> [Exercise instructions]:
Each record that follows should be reproduced in full, character for character.
START Supplied entries
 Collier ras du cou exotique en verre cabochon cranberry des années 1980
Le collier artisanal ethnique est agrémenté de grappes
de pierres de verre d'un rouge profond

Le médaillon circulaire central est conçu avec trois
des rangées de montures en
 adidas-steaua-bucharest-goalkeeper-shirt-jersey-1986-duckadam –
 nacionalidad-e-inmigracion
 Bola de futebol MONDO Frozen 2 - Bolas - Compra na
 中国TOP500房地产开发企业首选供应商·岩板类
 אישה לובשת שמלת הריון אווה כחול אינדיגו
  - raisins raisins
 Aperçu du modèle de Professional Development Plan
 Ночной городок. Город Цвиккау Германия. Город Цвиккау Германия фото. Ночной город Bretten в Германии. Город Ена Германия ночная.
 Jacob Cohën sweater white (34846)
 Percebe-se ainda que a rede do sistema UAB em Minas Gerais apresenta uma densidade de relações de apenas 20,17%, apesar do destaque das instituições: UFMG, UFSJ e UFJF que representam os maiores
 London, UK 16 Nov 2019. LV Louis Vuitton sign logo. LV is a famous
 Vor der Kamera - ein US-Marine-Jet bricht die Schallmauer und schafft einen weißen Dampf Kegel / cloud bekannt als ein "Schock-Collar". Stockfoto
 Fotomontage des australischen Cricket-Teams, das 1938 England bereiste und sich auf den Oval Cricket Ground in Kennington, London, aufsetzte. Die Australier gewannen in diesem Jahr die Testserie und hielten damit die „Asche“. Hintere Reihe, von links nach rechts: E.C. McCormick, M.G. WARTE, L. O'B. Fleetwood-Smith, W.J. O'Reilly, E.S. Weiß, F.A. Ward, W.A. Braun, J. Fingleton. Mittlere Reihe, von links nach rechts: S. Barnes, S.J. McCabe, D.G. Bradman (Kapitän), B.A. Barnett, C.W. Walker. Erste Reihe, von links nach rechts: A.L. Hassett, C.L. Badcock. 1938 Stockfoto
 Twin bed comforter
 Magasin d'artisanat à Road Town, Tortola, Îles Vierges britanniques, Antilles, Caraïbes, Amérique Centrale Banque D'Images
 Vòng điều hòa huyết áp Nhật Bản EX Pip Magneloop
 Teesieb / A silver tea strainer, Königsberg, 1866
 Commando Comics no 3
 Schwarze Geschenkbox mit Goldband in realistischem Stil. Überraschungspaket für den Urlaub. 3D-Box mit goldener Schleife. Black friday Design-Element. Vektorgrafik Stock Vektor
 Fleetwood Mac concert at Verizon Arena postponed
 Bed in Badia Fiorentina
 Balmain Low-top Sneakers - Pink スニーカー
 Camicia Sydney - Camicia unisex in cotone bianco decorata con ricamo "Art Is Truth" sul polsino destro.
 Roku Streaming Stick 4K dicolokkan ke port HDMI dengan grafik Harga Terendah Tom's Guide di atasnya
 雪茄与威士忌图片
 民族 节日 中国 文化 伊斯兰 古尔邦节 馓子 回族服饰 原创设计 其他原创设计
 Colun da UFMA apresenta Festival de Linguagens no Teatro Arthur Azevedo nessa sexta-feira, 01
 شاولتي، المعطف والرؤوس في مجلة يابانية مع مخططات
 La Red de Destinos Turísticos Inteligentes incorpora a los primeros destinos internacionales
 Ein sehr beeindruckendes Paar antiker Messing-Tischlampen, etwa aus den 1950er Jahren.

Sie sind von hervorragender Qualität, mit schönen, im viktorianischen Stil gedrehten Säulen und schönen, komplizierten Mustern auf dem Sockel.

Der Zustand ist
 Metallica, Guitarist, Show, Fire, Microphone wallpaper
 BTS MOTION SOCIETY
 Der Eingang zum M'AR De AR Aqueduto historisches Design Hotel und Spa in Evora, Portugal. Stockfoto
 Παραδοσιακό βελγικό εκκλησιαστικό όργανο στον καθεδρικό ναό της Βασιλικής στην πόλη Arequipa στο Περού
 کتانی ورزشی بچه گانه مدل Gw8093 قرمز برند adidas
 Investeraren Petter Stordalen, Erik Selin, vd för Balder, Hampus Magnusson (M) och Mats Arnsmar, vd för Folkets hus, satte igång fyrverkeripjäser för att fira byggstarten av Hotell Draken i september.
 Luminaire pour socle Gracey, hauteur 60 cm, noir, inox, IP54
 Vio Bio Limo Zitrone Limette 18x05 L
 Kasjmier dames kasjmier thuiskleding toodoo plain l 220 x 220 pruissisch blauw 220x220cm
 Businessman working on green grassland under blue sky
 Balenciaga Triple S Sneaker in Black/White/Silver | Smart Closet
END Supplied entries
> [Task result]:
 Collier ras du cou exotique en verre cabochon cranberry des années 1980
Le collier artisanal ethnique est agrémenté de grappes
de pierres de verre d'un rouge profond

Le médaillon circulaire central est conçu avec trois
des rangées de montures en
 adidas-steaua-bucharest-goalkeeper-shirt-jersey-1986-duckadam –
 nacionalidad-e-inmigracion
 Bola de futebol MONDO Frozen 2 - Bolas - Compra na
 中国TOP500房地产开发企业首选供应商·岩板类
 אישה לובשת שמלת הריון אווה כחול אינדיגו
  - raisins raisins
 Aperçu du modèle de Professional Development Plan
 Ночной городок. Город Цвиккау Германия. Город Цвиккау Германия фото. Ночной город Bretten в Германии. Город Ена Германия ночная.
 Jacob Cohën sweater white (34846)
 Percebe-se ainda que a rede do sistema UAB em Minas Gerais apresenta uma densidade de relações de apenas 20,17%, apesar do destaque das instituições: UFMG, UFSJ e UFJF que representam os maiores
 London, UK 16 Nov 2019. LV Louis Vuitton sign logo. LV is a famous
 Vor der Kamera - ein US-Marine-Jet bricht die Schallmauer und schafft einen weißen Dampf Kegel / cloud bekannt als ein "Schock-Collar". Stockfoto
 Fotomontage des australischen Cricket-Teams, das 1938 England bereiste und sich auf den Oval Cricket Ground in Kennington, London, aufsetzte. Die Australier gewannen in diesem Jahr die Testserie und hielten damit die „Asche“. Hintere Reihe, von links nach rechts: E.C. McCormick, M.G. WARTE, L. O'B. Fleetwood-Smith, W.J. O'Reilly, E.S. Weiß, F.A. Ward, W.A. Braun, J. Fingleton. Mittlere Reihe, von links nach rechts: S. Barnes, S.J. McCabe, D.G. Bradman (Kapitän), B.A. Barnett, C.W. Walker. Erste Reihe, von links nach rechts: A.L. Hassett, C.L. Badcock. 1938 Stockfoto
 Twin bed comforter
 Magasin d'artisanat à Road Town, Tortola, Îles Vierges britanniques, Antilles, Caraïbes, Amérique Centrale Banque D'Images
 Vòng điều hòa huyết áp Nhật Bản EX Pip Magneloop
 Teesieb / A silver tea strainer, Königsberg, 1866
 Commando Comics no 3
 Schwarze Geschenkbox mit Goldband in realistischem Stil. Überraschungspaket für den Urlaub. 3D-Box mit goldener Schleife. Black friday Design-Element. Vektorgrafik Stock Vektor
 Fleetwood Mac concert at Verizon Arena postponed
 Bed in Badia Fiorentina
 Balmain Low-top Sneakers - Pink スニーカー
 Camicia Sydney - Camicia unisex in cotone bianco decorata con ricamo "Art Is Truth" sul polsino destro.
 Roku Streaming Stick 4K dicolokkan ke port HDMI dengan grafik Harga Terendah Tom's Guide di atasnya
 雪茄与威士忌图片
 民族 节日 中国 文化 伊斯兰 古尔邦节 馓子 回族服饰 原创设计 其他原创设计
 Colun da UFMA apresenta Festival de Linguagens no Teatro Arthur Azevedo nessa sexta-feira, 01
 شاولتي، المعطف والرؤوس في مجلة يابانية مع مخططات
 La Red de Destinos Turísticos Inteligentes incorpora a los primeros destinos internacionales
 Ein sehr beeindruckendes Paar antiker Messing-Tischlampen, etwa aus den 1950er Jahren.

Sie sind von hervorragender Qualität, mit schönen, im viktorianischen Stil gedrehten Säulen und schönen, komplizierten Mustern auf dem Sockel.

Der Zustand ist
 Metallica, Guitarist, Show, Fire, Microphone wallpaper
 BTS MOTION SOCIETY
 Der Eingang zum M'AR De AR Aqueduto historisches Design Hotel und Spa in Evora, Portugal. Stockfoto
 Παραδοσιακό βελγικό εκκλησιαστικό όργανο στον καθεδρικό ναό της Βασιλικής στην πόλη Arequipa στο Περού
 کتانی ورزشی بچه گانه مدل Gw8093 قرمز برند adidas
 Investeraren Petter Stordalen, Erik Selin, vd för Balder, Hampus Magnusson (M) och Mats Arnsmar, vd för Folkets hus, satte igång fyrverkeripjäser för att fira byggstarten av Hotell Draken i september.
 Luminaire pour socle Gracey, hauteur 60 cm, noir, inox, IP54
 Vio Bio Limo Zitrone Limette 18x05 L
 Kasjmier dames kasjmier thuiskleding toodoo plain l 220 x 220 pruissisch blauw 220x220cm
 Businessman working on green grassland under blue sky
 Balenciaga Triple S Sneaker in Black/White/Silver | Smart Closet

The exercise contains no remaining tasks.